Celebrate All Hallow's Eve Irish style.

Night Of The Living Celts 

WHEN THE IRISH Famine refugees started flooding the U.S. in the middle of the 19th century, they brought with them traits that their new countrymen found extremely annoying--things like poverty, Roman Catholicism and a peculiar habit of making merry and roaming the streets on the night of October 31.

Nowadays, Halloween is as American as pumpkin pie, its arrival in America on the waves of Irish immigration all but forgotten. But the holiday started life as Samhain (pronounced "sow-in"), a Celtic harvest feast celebrated by the pre-Christian Irish. The six-day festival of Samhain was our Halloween, Thanksgiving and New Year's all rolled into one. It was a time of thanksgiving, but it could also be dangerous. Summer's life was giving way to winter's death, and the spirits of the dead came abroad among the living.
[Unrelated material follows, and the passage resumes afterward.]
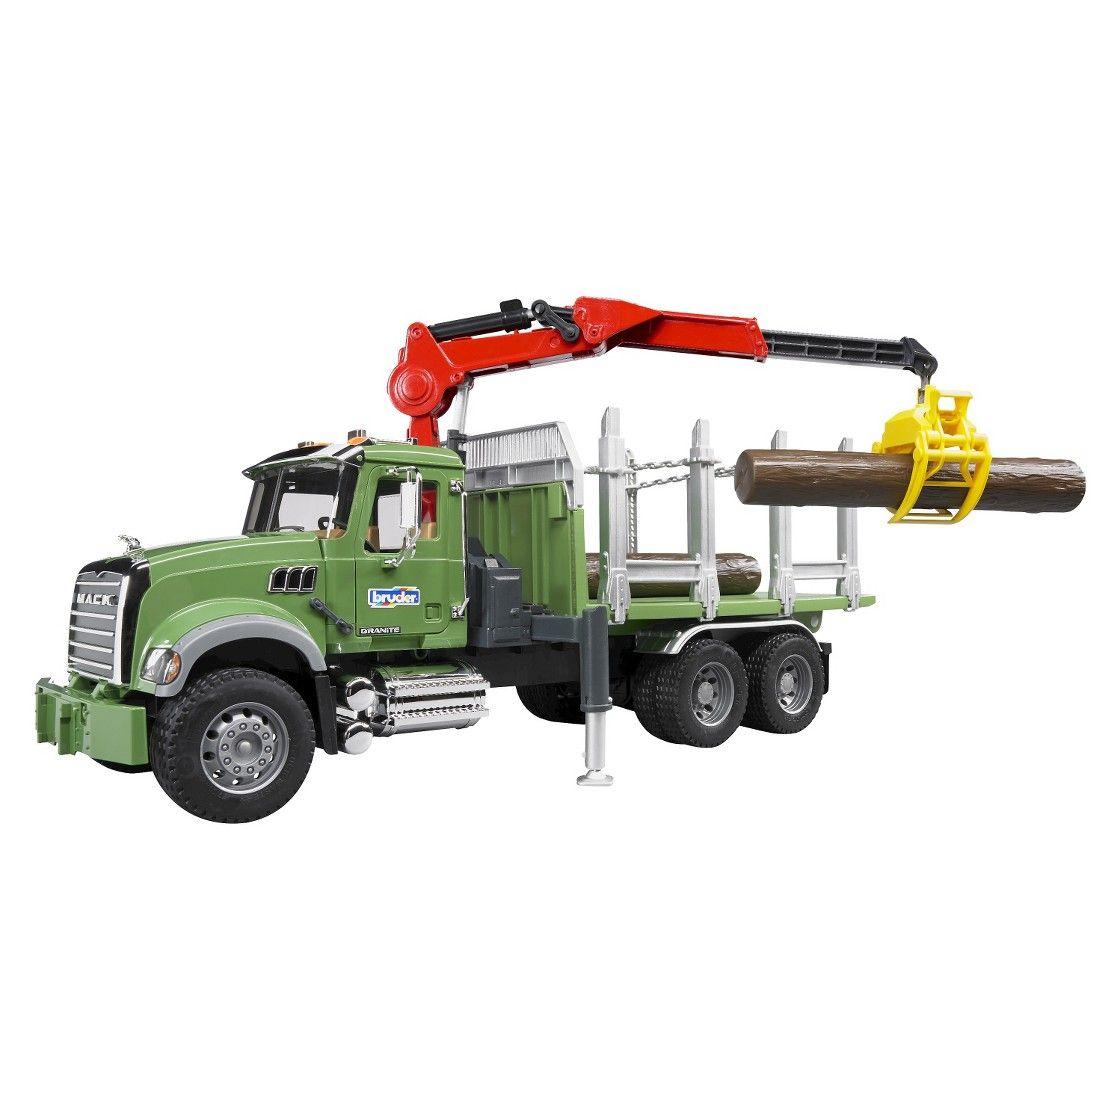 Bruder Mack Granite Timber Truck With Loading Crane And 3 Logs Trucks Toy Trucks Mack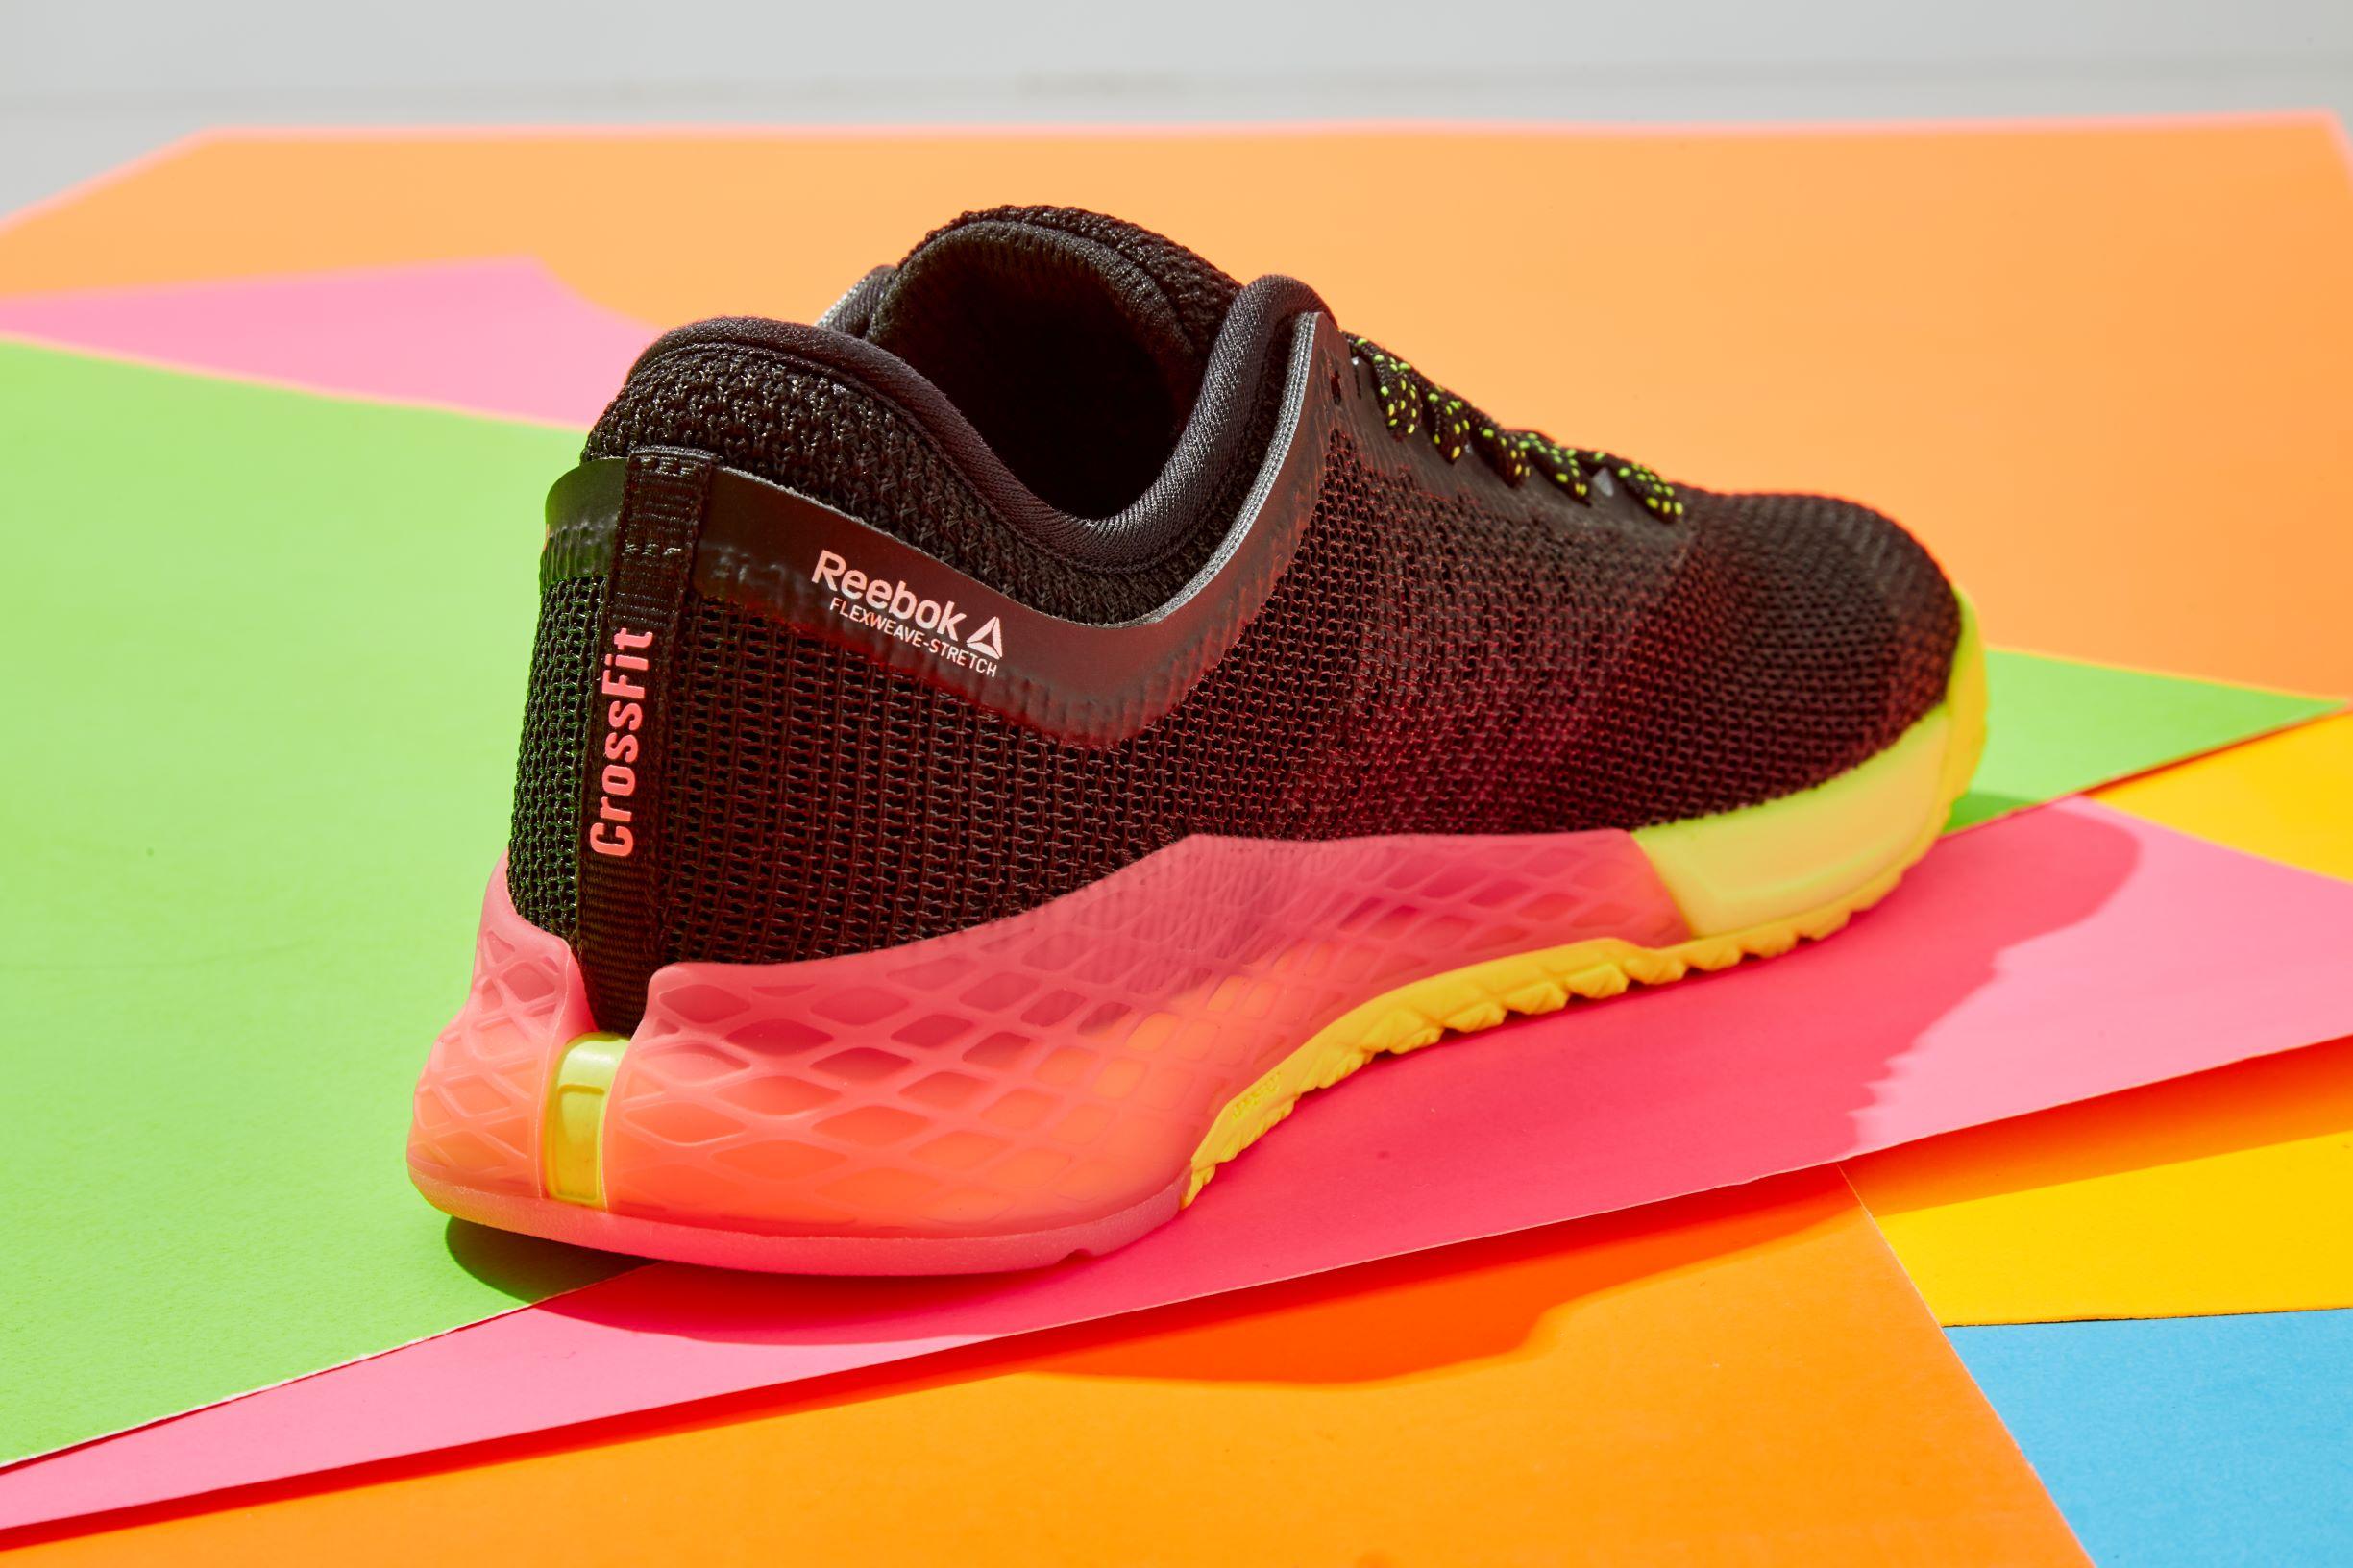 Step into a new sole: Reebok Nano 9

The Old Pueblo's own Emerald Isle Society offers Tucsonans an opportunity to make like ancient Celts at A Celtic New Year in Tir na nog. At the Friday-night party at the Doubletree Hotel, Irish-Arizonans and wannabes, costumed as ancient Celtic gods and goddesses, will dance and sing to the traditional music of Clare Voyants, an Irish band resident in Phoenix. The ceili, or Irish dance, will be led by the physician Rosemary Browne, a local Irish dance instructor who will teach stalwarts all the step-dancing and jigs they need to know. Wandering magicians and poets will work their arts among the crowd. The dinner menu promises Irish autumnal fare, which inside sources predict will be corned beef and cabbage.

Tir na nog in Gaelic mythology was a sort of Land of the Forever Young. The mortal Oisin, son of the hero Finn McCool, was lured there by a beautiful fairy princess. When Oisin returned to earth, thinking a short time had passed, he found instead that 300 years had gone by.

Anyone from the present day who'd like to sample the wonders of Tir na nog should make reservations as soon as possible by calling Tim Prendiville at 740-0000 or Sharon Danaher Henry at 885-8498. Tickets cost $35. A no-host bar opens at 6 p.m at the Doubletree Hotel, 445 S. Alvernon Way, with dinner and dancing from 7 p.m. to midnight. Profits from ticket sales and a raffle will benefit AMISA's Heart to Heart program and Project YES.